Кондратий. Как у вас… Я ваших глаз, Савва Егорович, боюсь, особенно в темноте.
Савва. Как у меня? Нет, Кондратий, я человек отравленный, — от меня ихнею мертвечиною пахнет. Будут люди лучше, свободнее, веселее. И, свободные от всего, голые, вооруженные только разумом своим, они сговорятся и устроят новую жизнь, хорошую жизнь, Кондратий, где можно будет дышать человеку.
Кондратий. Любопытно. Только позвольте сказать вам, Савва Егорович… народ — он хитрый, припрячет что-нибудь или как. А потом, глядь, на старое и повернули, по-старому, значит, как было. Тогда как?
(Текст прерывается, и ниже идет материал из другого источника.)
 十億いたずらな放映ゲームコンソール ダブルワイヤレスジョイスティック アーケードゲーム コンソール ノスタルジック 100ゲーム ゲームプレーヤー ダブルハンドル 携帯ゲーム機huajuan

Савва. По-старому. (Мрачно.) Тогда совсем надо его уничтожить. Пусть на земле совсем не будет человека. Раз жизнь ему не удалась, пусть уйдет и даст место другим, — и это будет благородно, и тогда можно будет и пожалеть его, великого осквернителя и страдальца земли!..
Кондратий (качая головой). Однако!
Савва (кладя ему руку на плечо). Поверь мне, монах, я исходил много городов и земель, и нигде я не видел свободного человека. Я видел только рабов. Я видел клетки, в которых они живут, постели, на которых они родятся и умирают; я видел их вражду и любовь, грех и добродетель. И забавы их я видел: жалкие попытки воскресить умершее веселье. И на всем, что я видел, лежит печать глупости и безумия. Родившийся умным — глупеет среди них; родившийся веселым — вешается от тоски и высовывает им язык. Среди цветов прекрасной земли, — ты еще не знаешь, монах, как она прекрасна! — они устроили сумасшедший дом. А что они делают со своими детьми! Я еще не видел ни одной пары родителей, которые не были бы достойны смертной казни: во-первых, — что родили; а во-вторых, — что, родившись, тотчас не умерли сами.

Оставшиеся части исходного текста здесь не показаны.